## EXERCISE DESCRIPTION
Please print nothing but the lines from the one containing "City couples cuddle" to the final line below, exactly, and no pictures.

## DATA PROVIDED
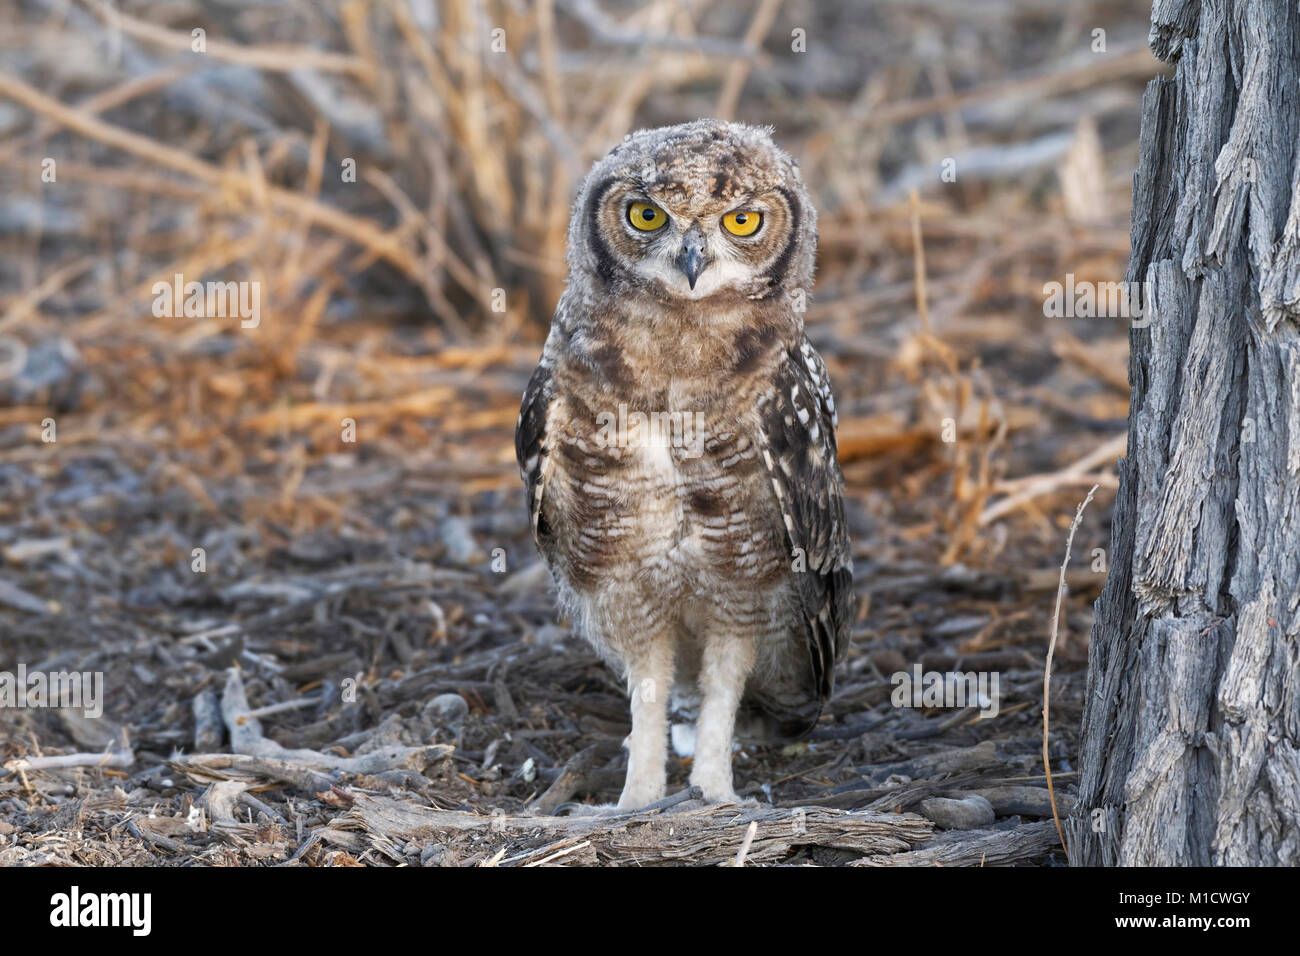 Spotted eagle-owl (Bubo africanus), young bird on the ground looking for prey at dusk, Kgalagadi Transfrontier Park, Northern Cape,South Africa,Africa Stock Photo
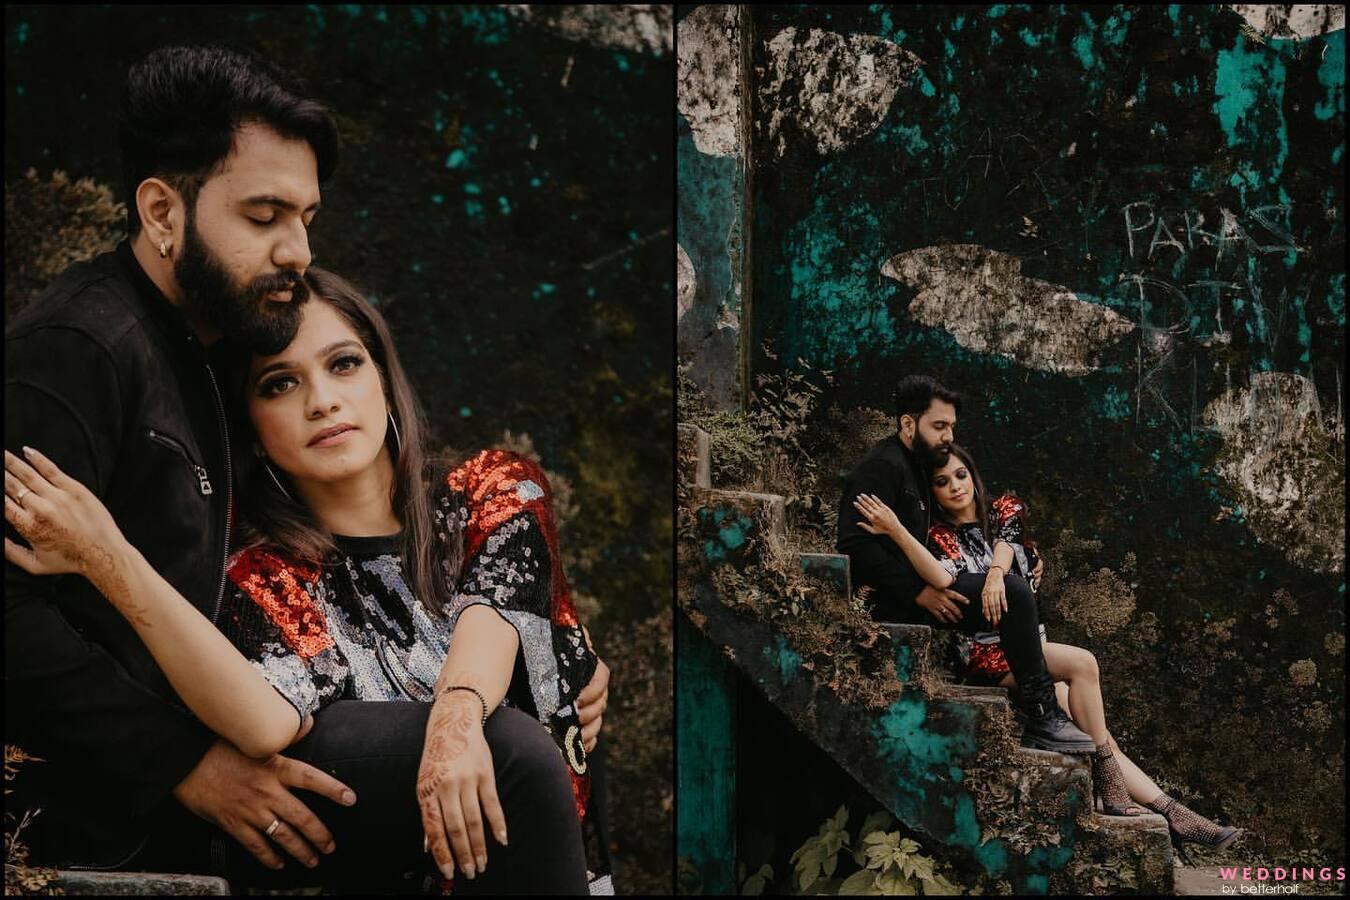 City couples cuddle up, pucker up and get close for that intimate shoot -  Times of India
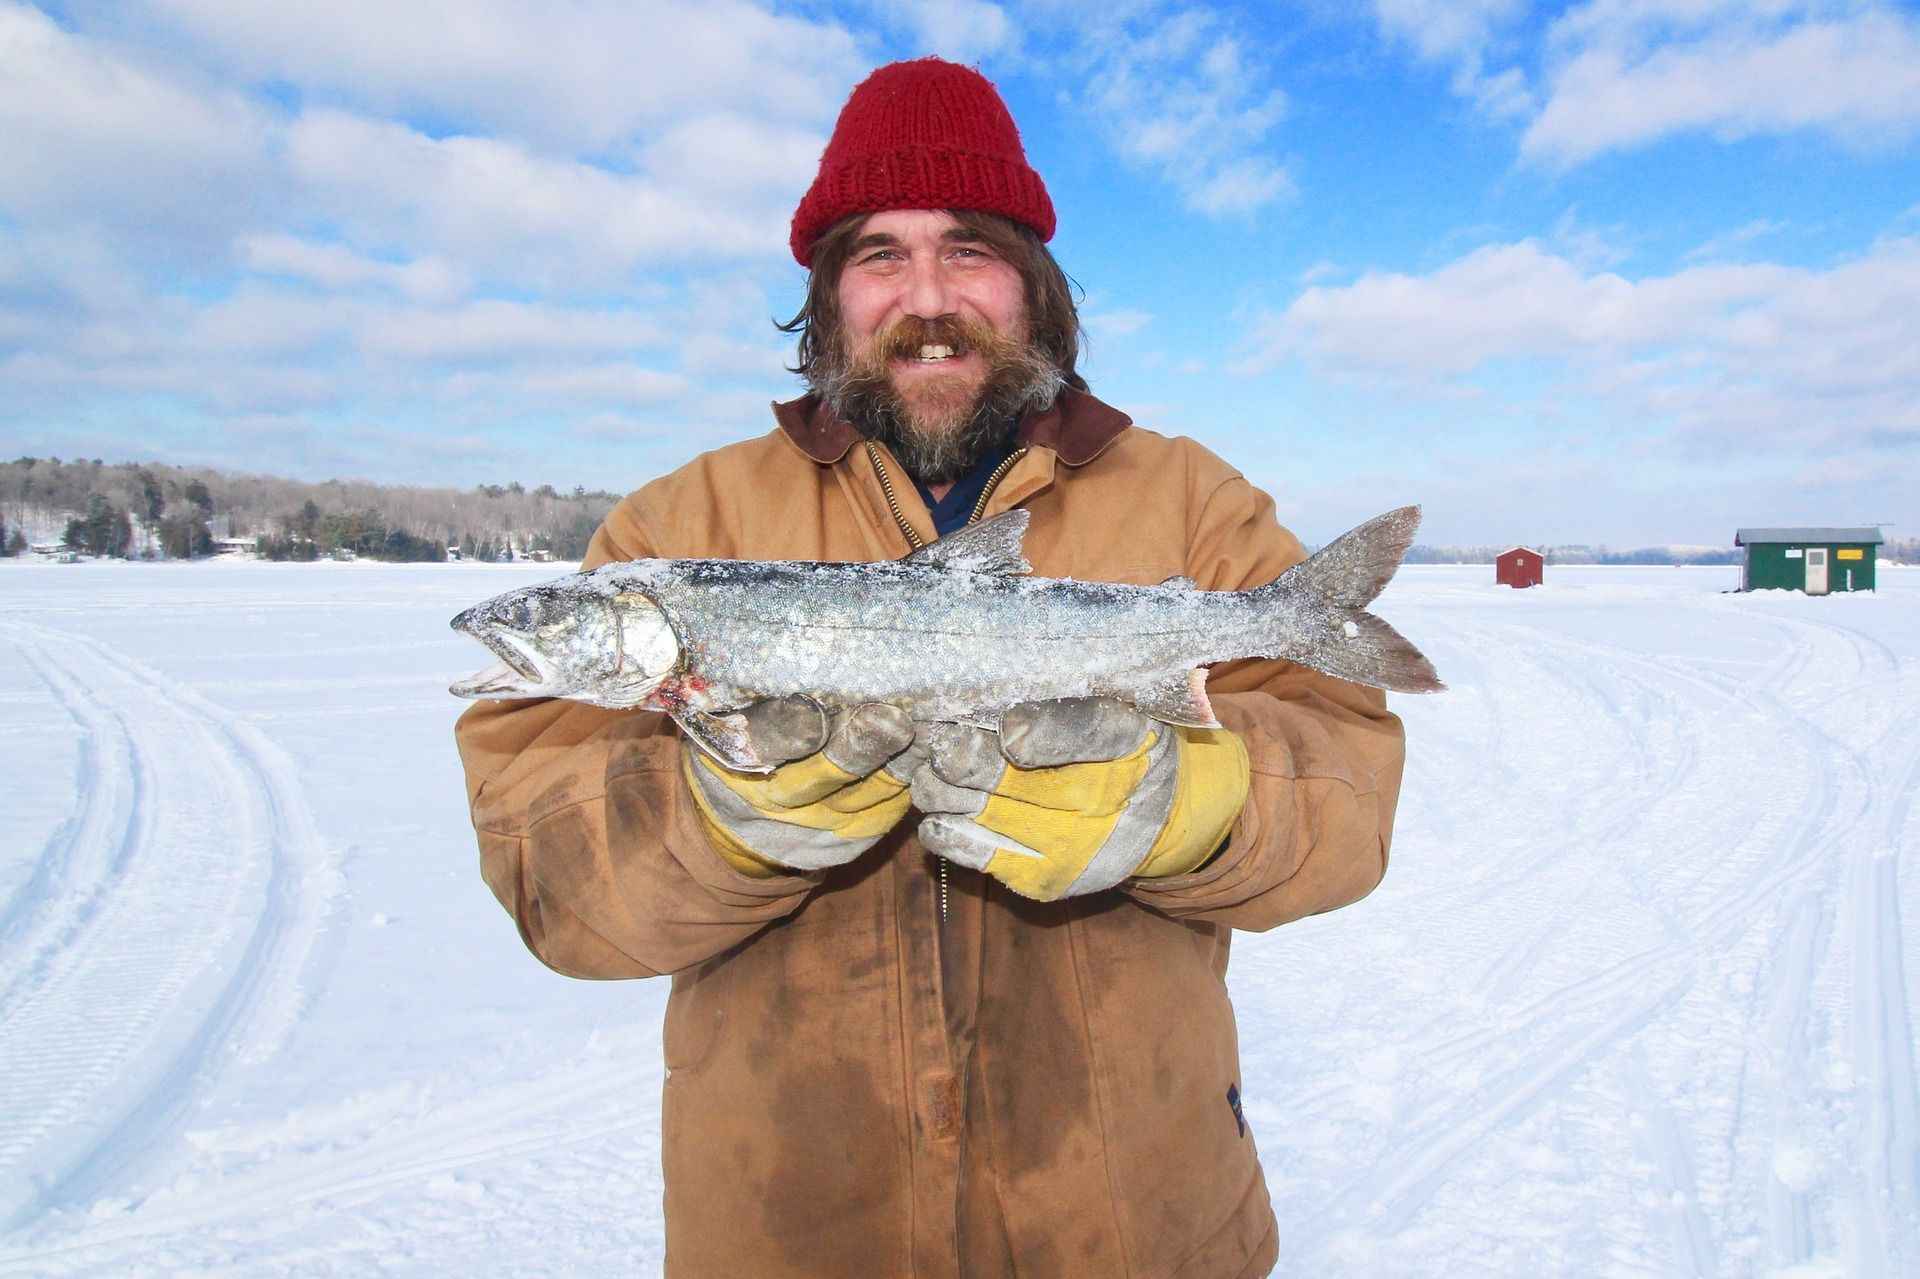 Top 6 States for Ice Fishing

## SOLUTION TO THE PROBLEM
 City couples cuddle up, pucker up and get close for that intimate shoot -  Times of India
 Top 6 States for Ice Fishing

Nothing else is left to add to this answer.